— Ну, во-первых, — говорит она, с становящейся заметной блядской косоротостью выпуская клуб дыма, и у меня вновь колотится сердечко и всего охватывает дрожь: я знаю продолжение её фразы и что «во-вторых» у неё нет, да и не потребуется… — Во-первых, я с Игорьком…

Я, конечно, решаюсь поступить эффектно — тут же осовываюсь, тушу окурок и направляюсь к двери. Опять обувь, обуваюсь…

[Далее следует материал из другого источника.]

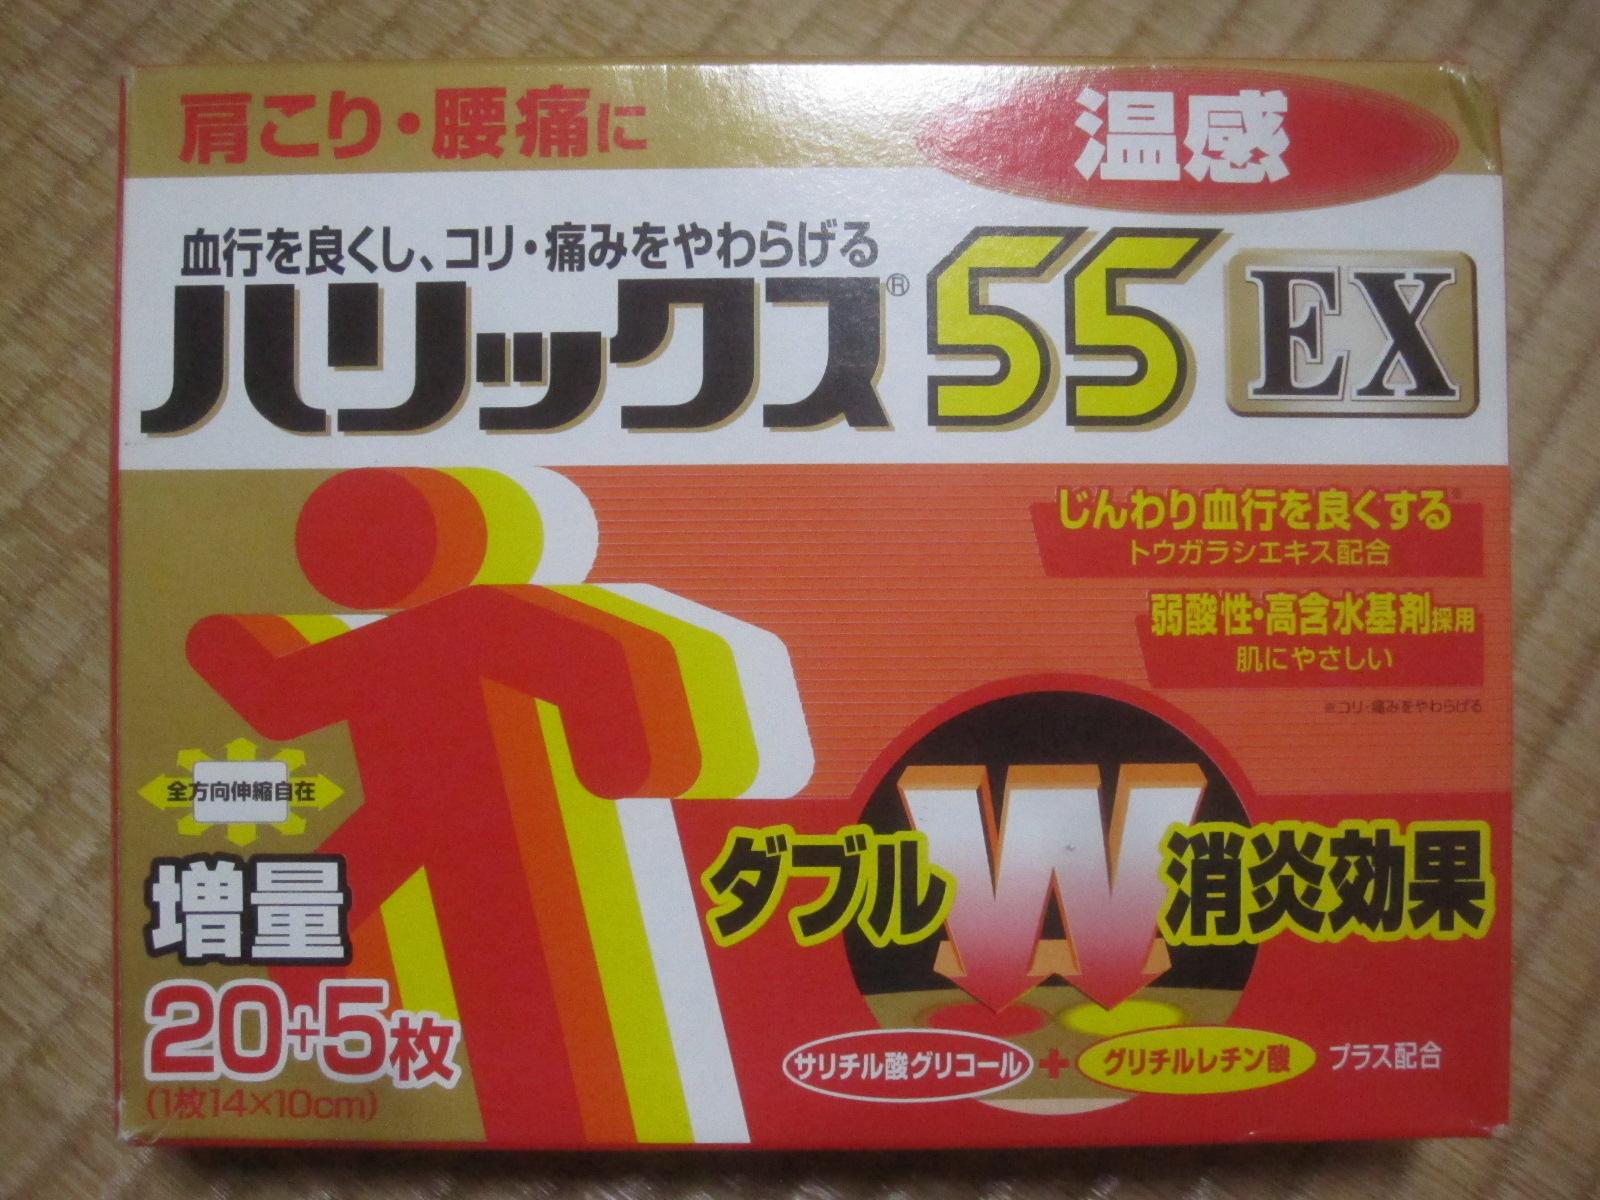 薬箱の中で放置されていた湿布薬ハリックス55EXを発見!

Но понимаю, что уйти не могу.

Осознав, что я замешкался в дверях, она выходит.

— Эля, Эльмира… — начинаю я.

— Всё, Лёшь, всё на хуй заебло. Тебе же, блять, двадцать пять лет — как ты вообще собираешься жить, я не знаю! Ты же, блять, вообще ни к чему не годен. Ни копейки денег — одни амбиции и эгоизм. Мне тоже двадцать пять лет, и пора задуматься. Поматросишь и бросишь — а мне потом глазами моргай. Гений, на хуй, пиздец, блять! Ёбля там, портвейн, Санич, приколы дебильные — это хорошо, конечно, но, на хуй, уже не из той серии. Пора ведь уже…

- Я ЖЕ ТЕБЯ ЛЮБЛЮ, ДУРА!

Последний взгляд во взгляд этого существа. В затылке боль, в глазах резь. Её взляд не выражает ничего. Повернулся, и в дверь.

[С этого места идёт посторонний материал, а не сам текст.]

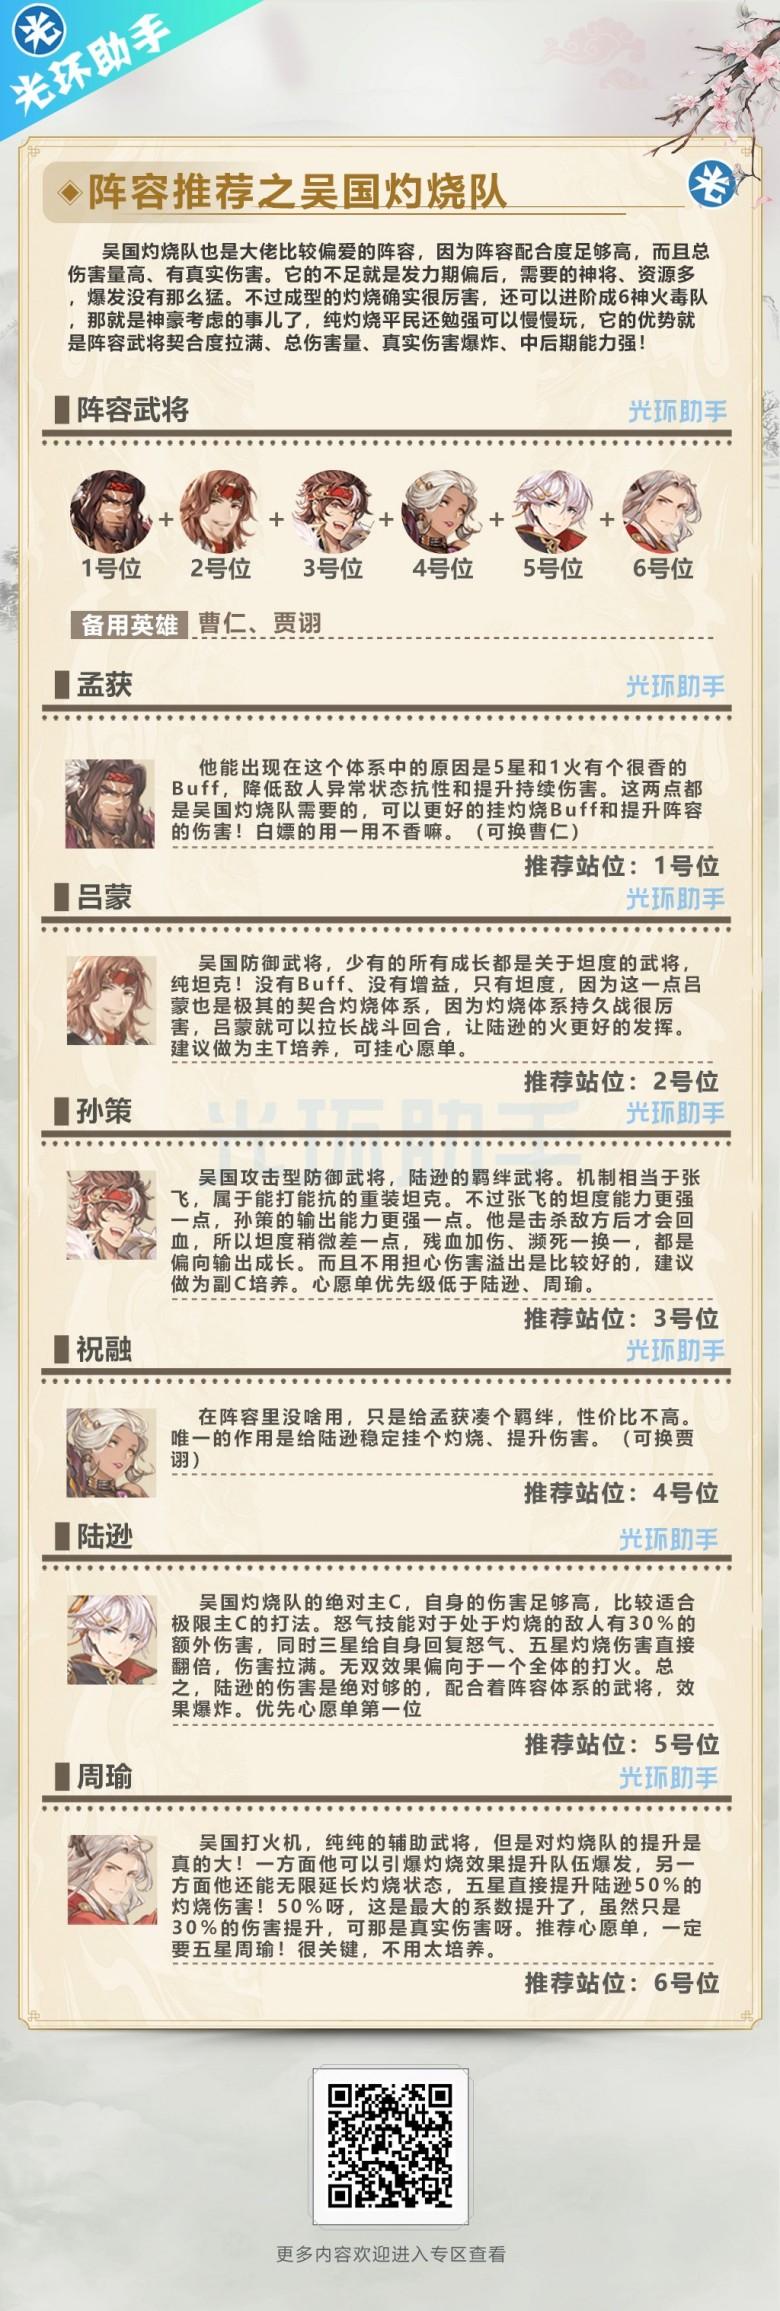 三国志幻想大陆阵容推荐,吴国灼烧队怎么搭配呢

«Хочу жить нормальной жизнью!» — слышу я уже из-за двери — как будто я ей в этом помеха! — как какое-то заклинание золотой рыбки.

«…Вот женишься на мне, — мечтательно говорила она во времена златые, — родители нам поездку на Ибицу подарят…» Мне не Ибица нужна на неделю (или месяц?!), а ты и навсегда, романтически отвечал я. Дубина! дуб-жёлудь! дубак шакур! — хоть бы на Ибицу съездил — а теперь вот и на «полуостров Казебан» виза аннулирована!

В подъезде столкнулся с Креветкой и её новым хахалем-бычком.

— Привет! Ты что — уходишь?! — весело удивились они.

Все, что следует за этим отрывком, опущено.